It was when I first saw ChatGPT as a traffic source in Google Analytics.
At the time, I was not intentionally optimizing for AI, so it was an interesting novelty, and certainly an indicator of what was to come.
After some digging, I noticed that a few product pages were the landing pages for this new traffic. Query strings came in empty. I couldn't see what people had asked ChatGPT to arrive there.
The Boring Pages Won
It was a B2B website for HVAC parts. The product catalog was very technical: long pages with lists and bullets. No UGC, no fresh content. Just boring lists of industrial parts and products. Detailed technical specs, part sizes, dimensions.

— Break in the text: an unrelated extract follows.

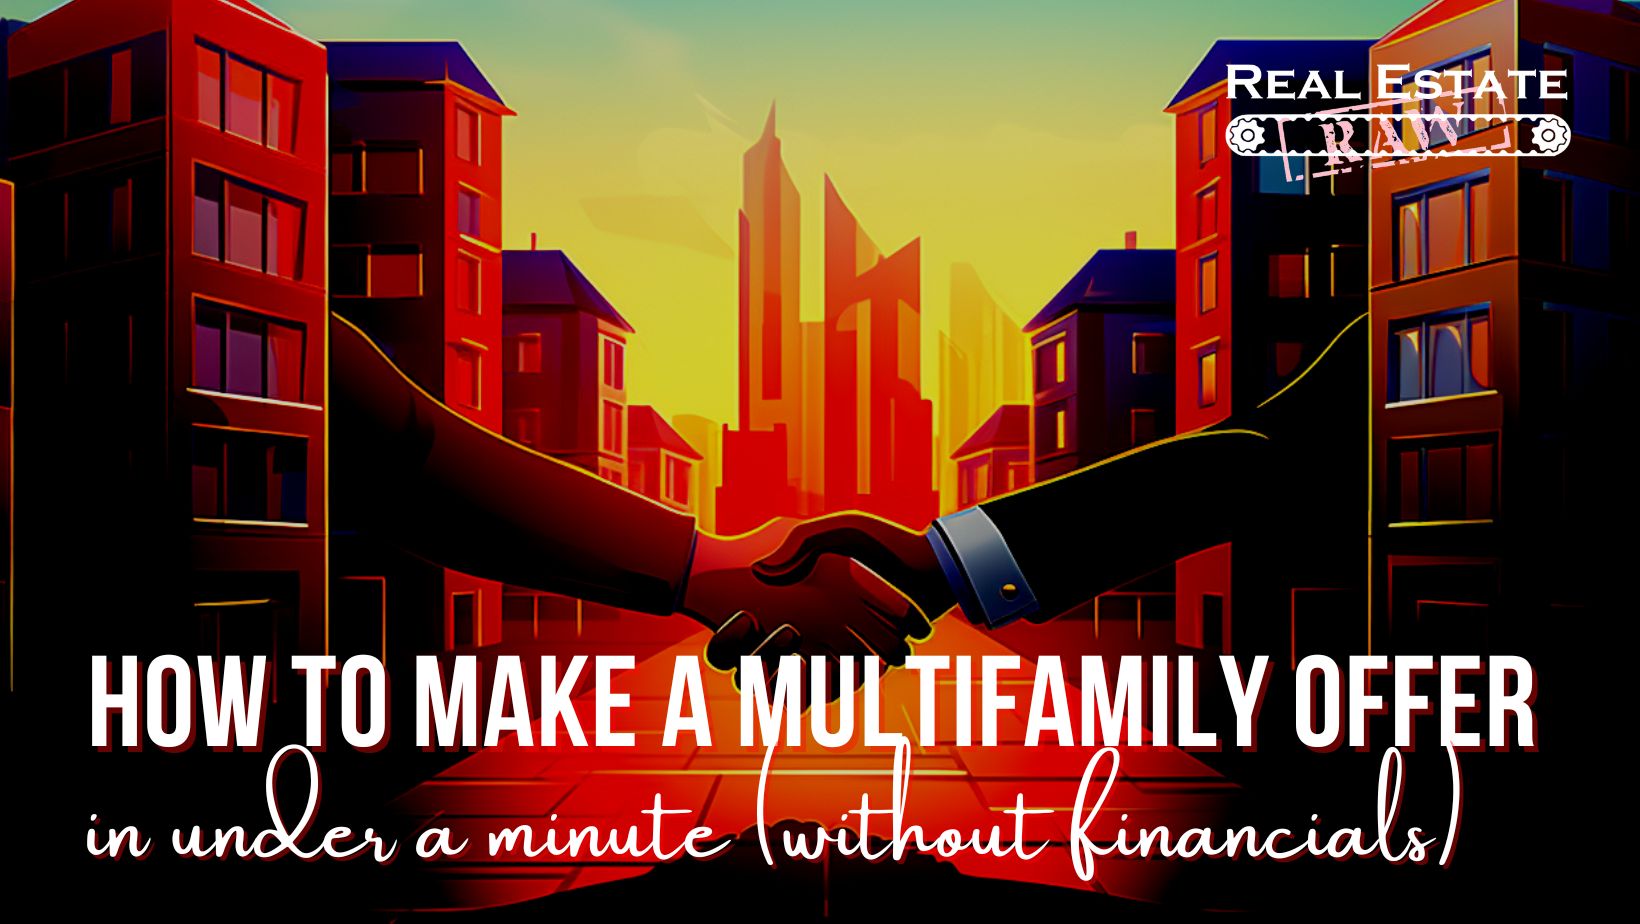 How to Make a Multifamily Offer in Under a Minute (Without Financials)

Nothing you'd put in a content marketing case study.
If you think about it: Schema tags, structured data, JSON-LD: it is really not that hard to see why AI crawlers would find that type of content. It is like ChatGPT was caught in my net of tags and structured content. Those pages were easy for machines to parse because they were factual, organized, and unambiguous. AI "sees" extractable structure more than creativity or marketing polish.
For many commercial and technical searches, the best-performing AI-source content may be the most boring page on the site. The question is whether your competitors have figured that out yet.
What I Changed After That
I had no idea what RAG, AEO, or LLM Visibility meant at the time. I just knew the machines were picking the pages where the answer was already prepared.
From that moment on, I would always try to sneak in blog posts, technical charts, tables, bullet lists. Then I worked to improve the lists that were already getting AI traffic:
- Clearer hierarchy, consistent H1/H2 sections
- Standardized spec tables
- Compatibility blocks: dimensions, materials, colors
- Installation notes and use cases
AI systems seem to list pages where the answer is already prepared.
Another thing I started doing: mixing technical content with normal text. I'd add content above and below the specs. A short plain-English summary at the top: what this part does, where it's used, who it's for, then detailed specs, then FAQs, comparisons, troubleshooting, and related models. That helps both humans and AI systems understand context.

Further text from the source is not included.